Pilkada di Tengah Pandemi, LSI Ungkap Potensi Jumlah Pemilih akan Menurun
Ilustrasi pemilihan umum (Irfan Meidianto/VOI)

Bagikan:

JAKARTA - Direktur Eksekutif Lingkar Survei Indonesia (LSI) Djayadi Hanan mengungkapkan adanya kemungkinan penurunan partisipasi pemilih di Pilkada 2020 yang akan digelar 9 Desember mendatang. Dia mengatakan, ada potensi penurunan partisipasi pemilih hingga 40 persen dari tahun sebelumnya.
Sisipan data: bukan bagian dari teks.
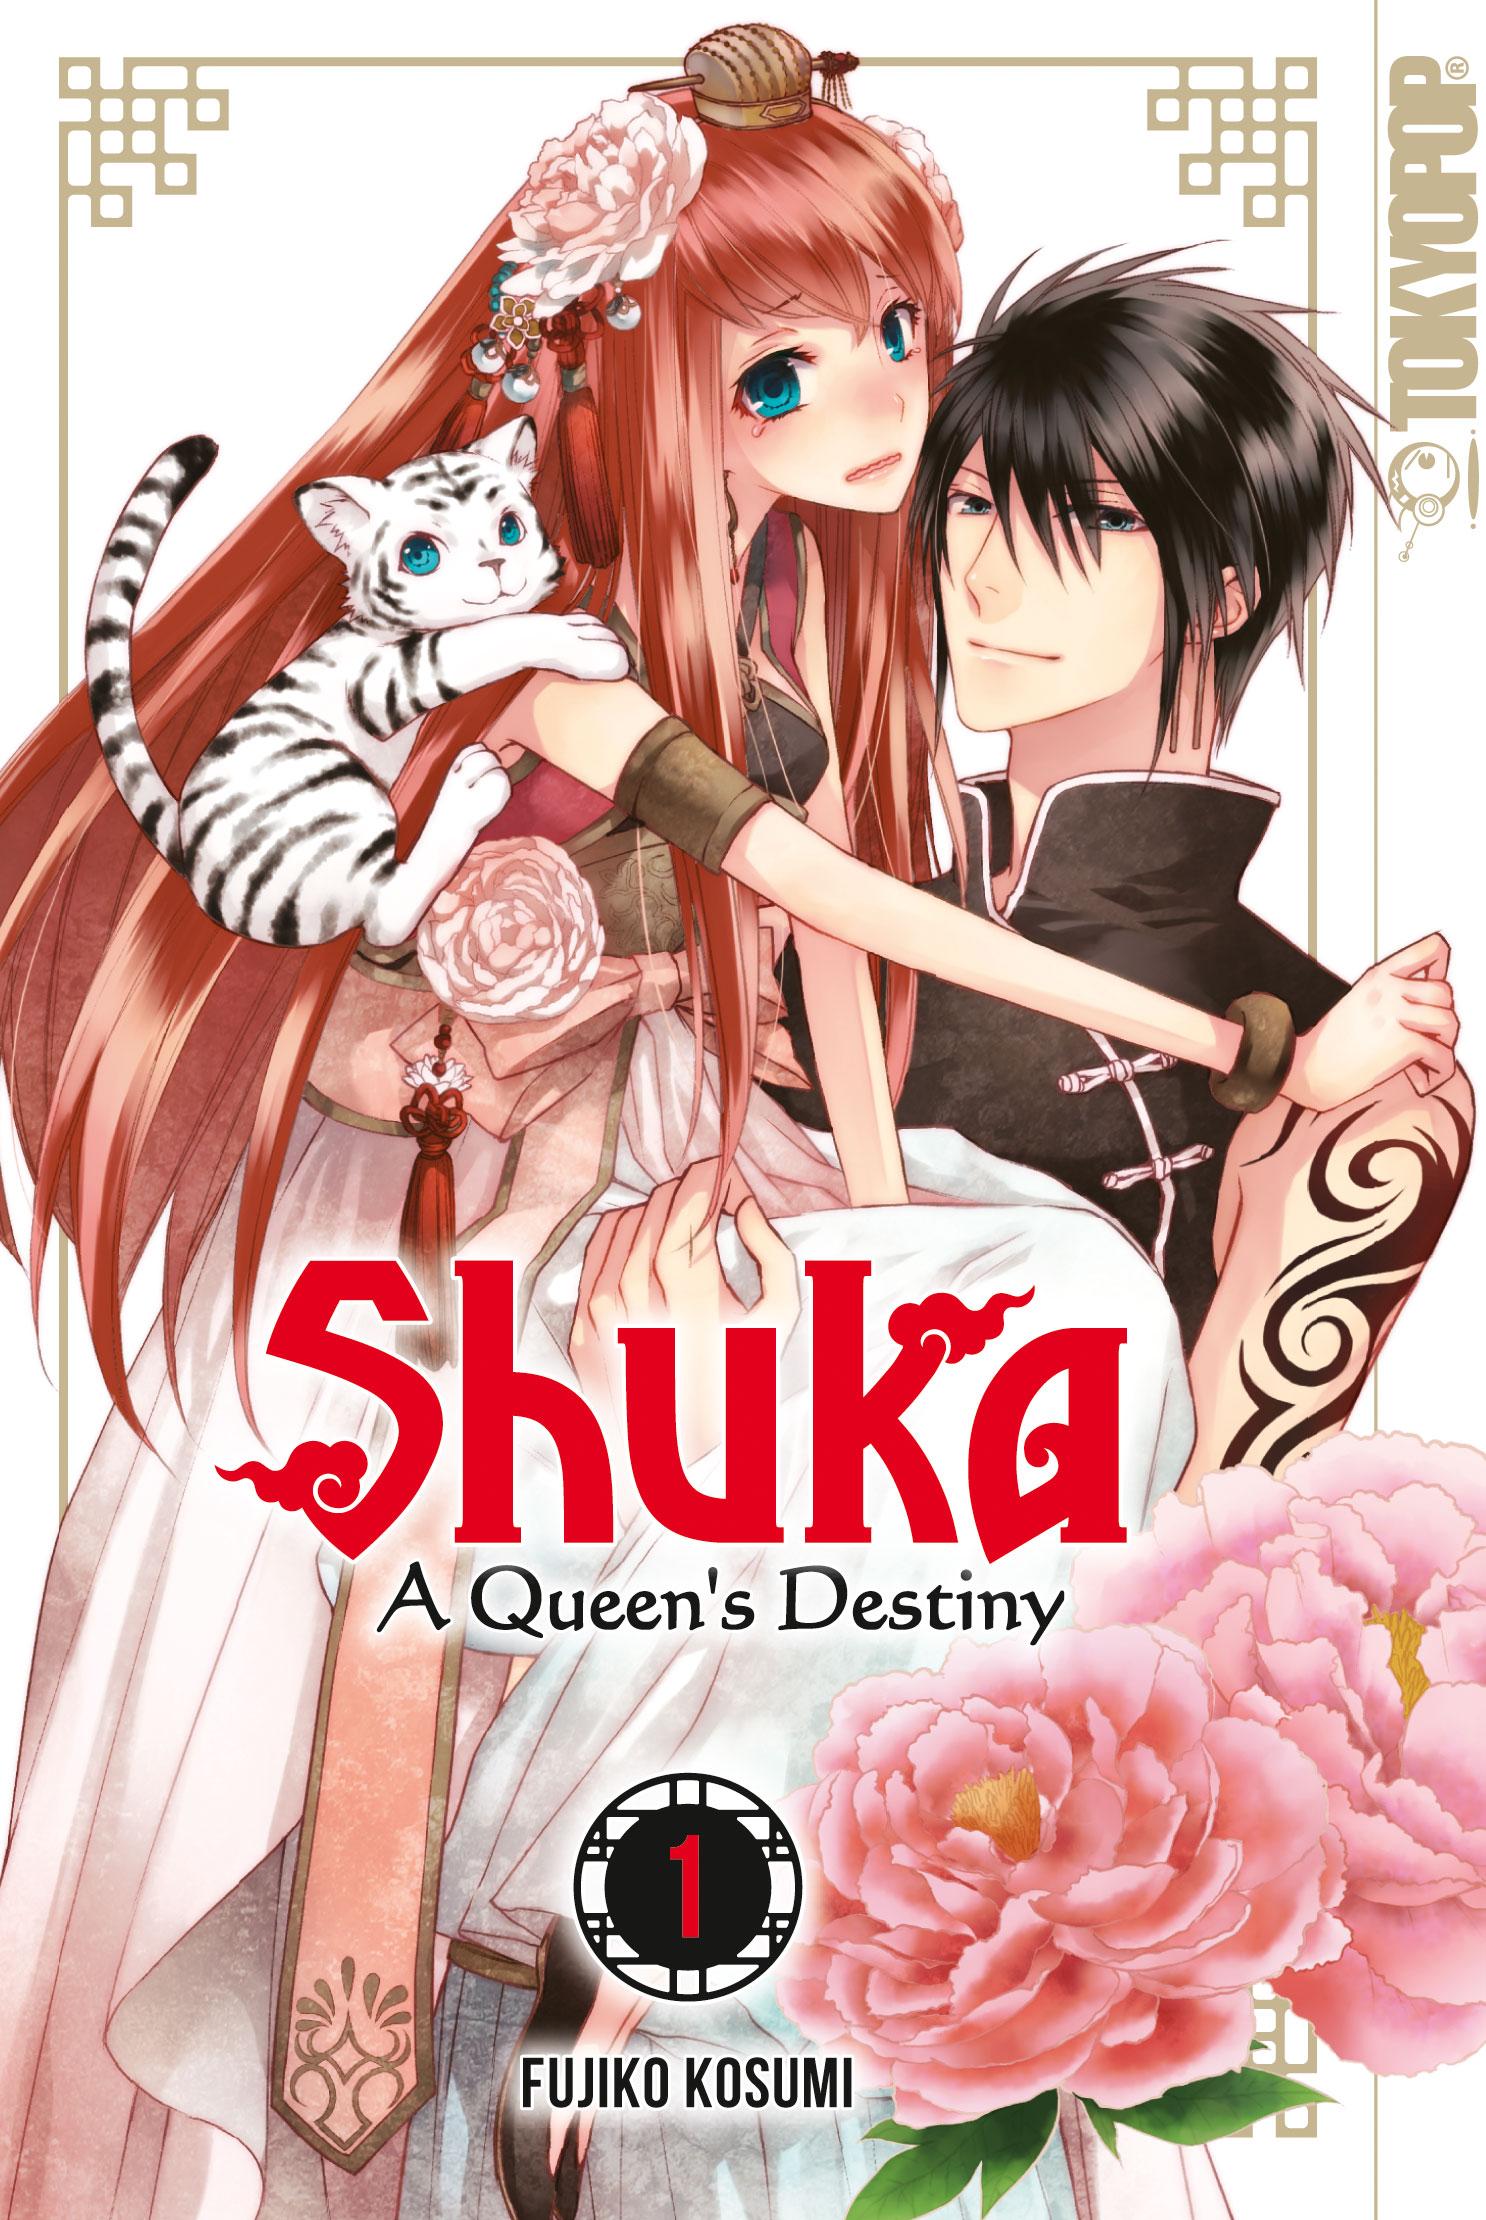 shuka-a-queens-destiny-cover-01Skcp1VCJRXN1p

Berdasarkan riset yang dilakukannya di belasan daerah yang menggelar Pilkada di tahun ini, angka penurunan ini terjadi karena mereka takut datang ke tempat pemungutan suara (TPS). Hanya saja dia tak menjelaskan lebih lanjut soal metode maupun jumlah respondennya.

"Belasan daerah yang kami lakukan riset, ada 15-46 persen masyarakat, kebanyak 20-46 persen menyatakan mereka tidak akan datang ke TPS," kata Djayadi dalam webinar bertajuk Pilkada dan Konsolidasi Demokrasi Lokal, Sabtu, 5 September.

"Jadi katakan ada sekitar 20-46 persen masyarakat yang enggan atau kemungkinan besar tidak mau datang ke TPS itu artinya ada potensi penurunan partisipasi," imbuhnya.

Lebih lanjut, LSI juga menyinggung permasalahan lain dalam pelaksanaan pilkada serentak di tengah pandemi COVID-19 yaitu mengenai kampanye daring yang bakal dilakukan pasangan calon kepala daerah.

Menurut Djayadi, pilkada tahun ini sangat memberikan keuntungan bagi petahana. Sebab, sejak Maret lalu mereka lebih sering mendapatkan sorotan karena menjadi penanggungjawab masalah COVID-19. 

Sementara bagi calon yang lainnya, justru berbeda. Apalagi, penerapan kampanye daring ini dianggap tak akan terlalu efektif. Sebab tak semua wilayah pemilih dapat mengakses internet. 

"Kampanye daring sulit menjangkau pemilih tanpa akses internet," ujarnya.

Sehingga perlu dipikirkan kembali bagi paslon di Pilkada 2020 ini untuk dapat melakukan sosialisasi bagi masyarakat yang tak dapat mengakses internet namun tak menimbulkan dampak kesehatan.

"Yang lainnya, saat melihat pendaftaran hari pertama, kekhawatiran saya itu makin meningkat bahwa Pilkada 2020 bisa jadi super spreader COVID-19, jadi klaster baru COVID-19," katanya.

"Mungkin yang dikontrol langsung penyelenggara bisa didisiplinkan, seperti proses di TPS. Tapi kampanye siapa yang bisa menjamin, apalagi ada pangsa pasar masyarakat yang menyatakan bahwa kampanye langsung tidak apa-apa," pungkasnya.